It appears that Sony's revamped, "more secure" PlayStation Network has been put through the test. Philip Reitinger, Sony's Chief Information Security Officer, sent out a notice alerting PlayStation users about an attack on Sony's online services. It appears that Sony has learned quite a lot since the attack, which forced the company to take down online services for about a month, and recompense users.
Reitinger says that the recent attack doesn't appear to have a connection to this year's security breach. Instead, "these attempts appear to include a large amount of data obtained from one or more compromised lists from other companies, sites or other sources."
"Given that the data tested against our network consisted of sign-in ID-password pairs, and that the overwhelming majority of the pairs resulted in failed matching attempts, it is likely the data came from another source and not from our Networks," Reitinger said on the PlayStation.Blog. "We have taken steps to mitigate the activity."

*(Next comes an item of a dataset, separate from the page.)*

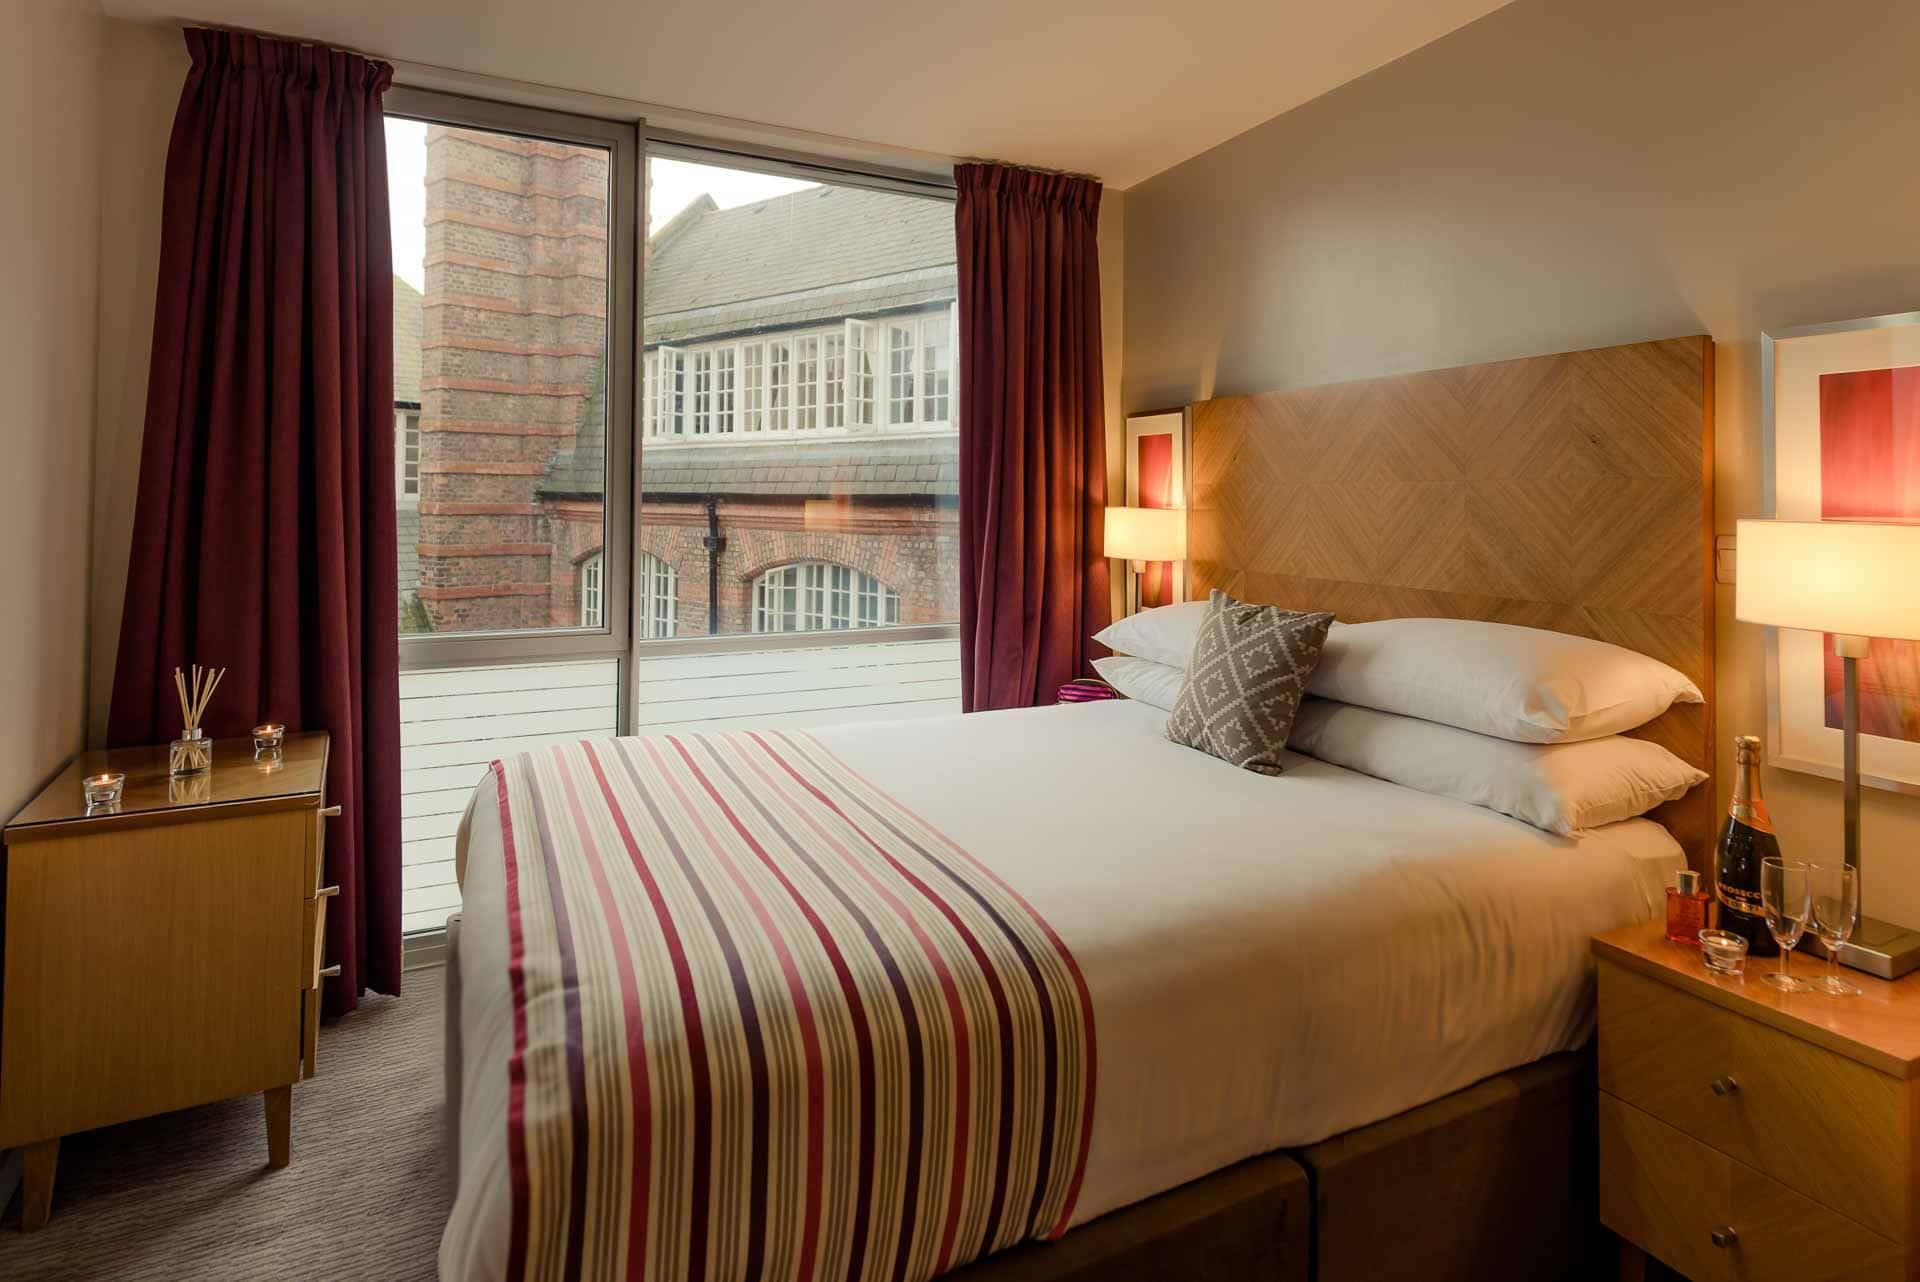 Double bedroom at Premier Suites Liverpool, Centre, Liverpool - Citybase Apartments

According to Reitinger, "less than one tenth of one percent (0.1%)" of Sony online users have been affected with approximately 93,000 accounts where the sign-in attempts succeeded. Sony has locked those accounts and will now require secure password resets for affected accounts. "If you are in the small group of PSN/SEN users who may have been affected, you will receive an email from us at the address associated with your account that will prompt you to reset your password."
Sony's quick action and detailed recount of the attempted breach is a marked improvement over how the company handled the summer's attack. Sony was criticized for taking over 24 hours to provide consumers with clear information surrounding the attacks, initially claiming it was "maintenance."
Affected users shouldn't worry much. "If you have a credit card associated with your account, your credit card number is not at risk," Reitinger added. "We will work with any users whom we confirm have had unauthorized purchases made to restore amounts in the PSN/SEN or SOE wallet."
So, how can smart gamers ensure they won't be affected by the next (seemingly inevitable) attack on their personal info? Have strong, unique passwords that are not "associated with other online services or sites." Also, "we encourage you to choose unique, hard-to-guess passwords." So really. Stop using "password" and "jesus" as a password.